Abgesehen davon, dass Orban seine Beziehungen zu China für die Politik innerhalb der EU nutzt, gibt es jedoch mehrere Probleme mit der Metapher vom „Trojanischen Pferd“, insbesondere wenn sie unkritisch auf alle Bereiche der chinesisch-ungarischen Beziehungen angewendet wird. Zunächst einmal bedeutet dies, dass Chinas Einfluss in Europa vor 17+1 nicht existierte. Tatsächlich war der Einfluss schon lange vorher da, da China sowohl Deutschland als auch Frankreich als seine Partner in den Bereichen Wirtschaft und Sicherheit betrachtete. Das hat natürlich geändertzumindest gemessen an der Unterstützung des französischen Präsidenten Emmanuel Macron für die Risikominderung der EU-Wirtschaft und die Stärkung der Verteidigung des Blocks (letzteres ist ohne die Rolle der NATO, die der französische Präsident zuvor innehatte, unwahrscheinlich). kritisch gegenüber).
Ein solcher Sinnes- und Geisteswandel hat jedoch auch in den meisten mittel- und osteuropäischen Ländern stattgefunden und sowohl Paris als auch mehrere mittel- und osteuropäischen Hauptstädte (zumindest diejenigen, die innerhalb der EU liegen) auf eine Linie mit der zunehmend skeptischen Haltung Brüssels gegenüber China gebracht.

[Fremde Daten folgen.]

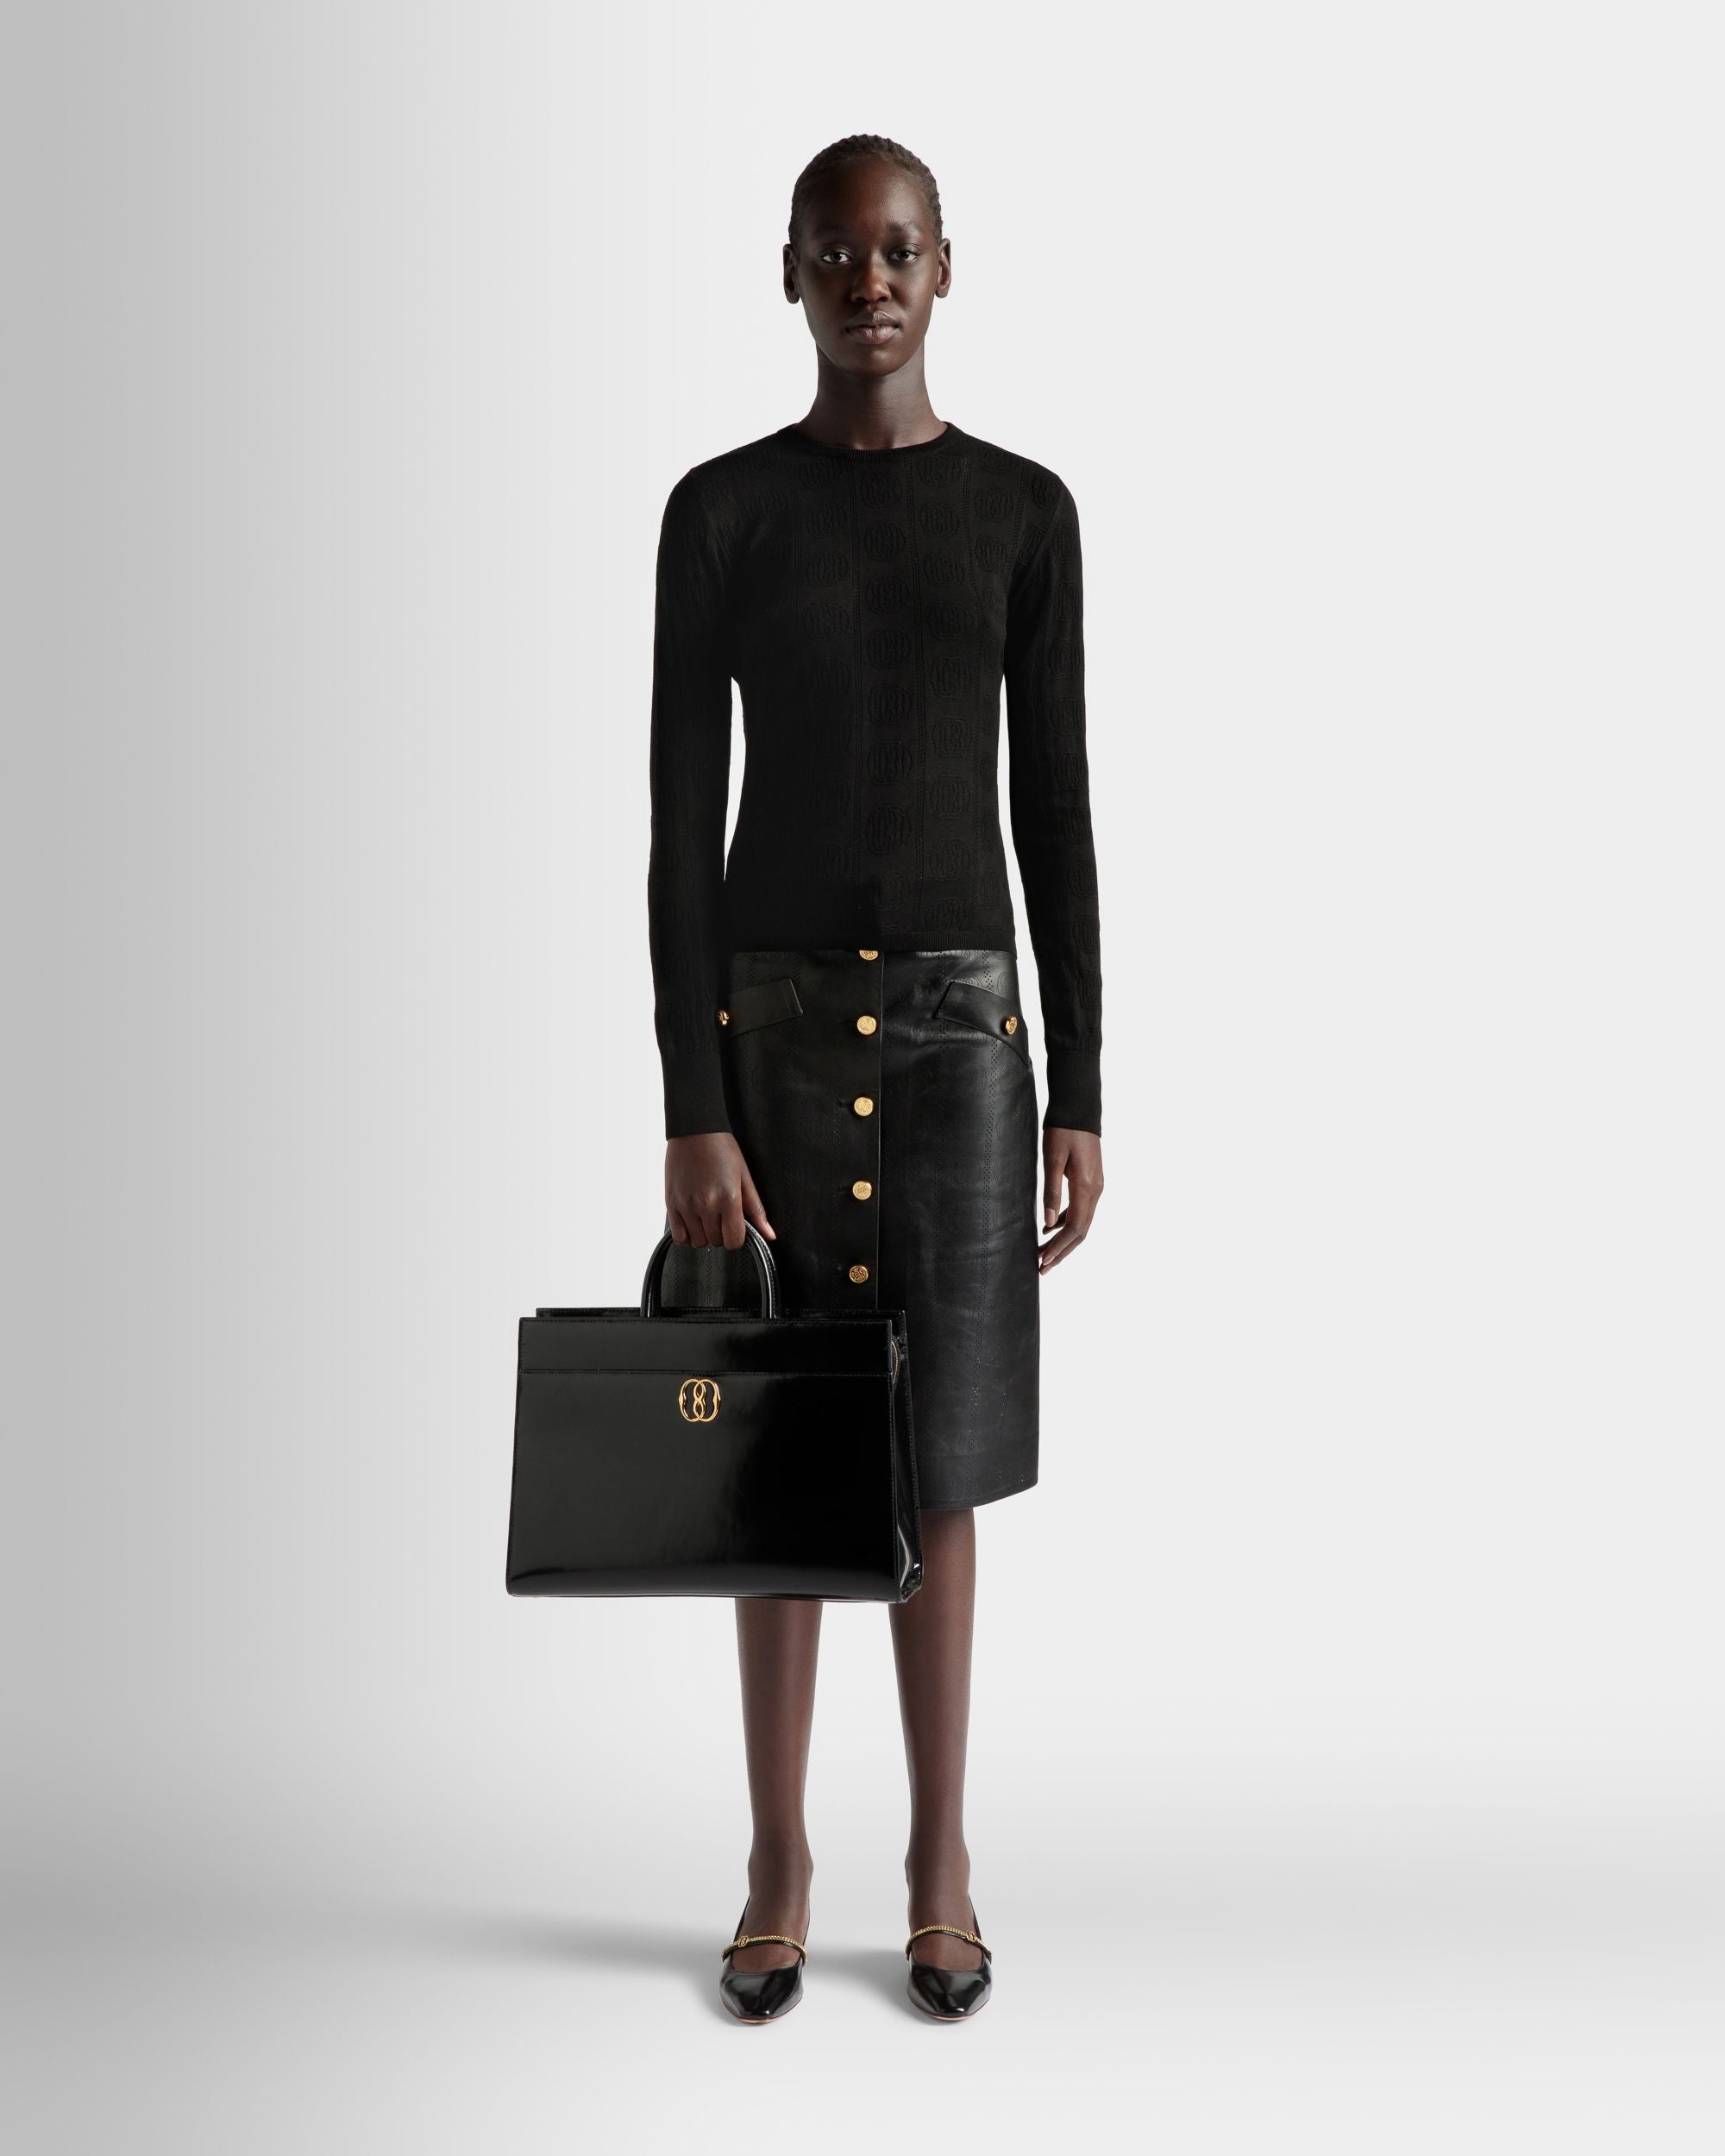 Emblem | Women's Tote Bag in Black Brushed Leather | Bally | On Model Front

Natürlich gibt es auch auf EU-Ebene Grenzen für den proklamierten Wandel. Die Änderung scheint sich auf die „Risikominderung“ Und „strategische Autonomie„Erzählungen, und selbst diese implizieren die Aussicht auf eine Annäherung an China, zumindest aus Pekings Sicht.
Die Metapher „Trojanisches Pferd“ selbst scheint eher auf diskursiven als auf materiellen Realitäten zu basieren, wobei einige Forscher dazu neigen, die Aussagen von Politikern und Regierungsbeamten für bare Münze zu nehmen. Aus dieser Perspektive überschätzt man leicht die Bedeutung von Äußerungen von Populisten wie Orban und unterschätzt das Handeln von Staatsmännern wie Bundeskanzler Olaf Scholz.
Wenn es jedoch um wirtschaftliche Fragen geht – einschließlich chinesischer Elektrofahrzeuginvestitionen in Ungarn, die neue Bedenken hinsichtlich ihrer möglichen Diskrepanz mit der Risikominderungsagenda der EU hervorgerufen haben – ist es wichtig, die Position Ungarns im Automobilsektor im Allgemeinen nicht zu vergessen Wert Ketten, und die daraus resultierenden strukturellen Einschränkungen für die außenpolitische Handlungsfähigkeit seiner Eliten. Dies soll natürlich nicht etwaige Handlungen der Fidesz-Regierung entschuldigen, die die Außenpolitik der EU untergraben, sondern vielmehr dazu dienen, die Diskussion über die China-Politik der EU und die jeweiligen Rollen ihrer Mitglieder bei der Ausgestaltung dieser Politik noch nuancierter zu gestalten Politik.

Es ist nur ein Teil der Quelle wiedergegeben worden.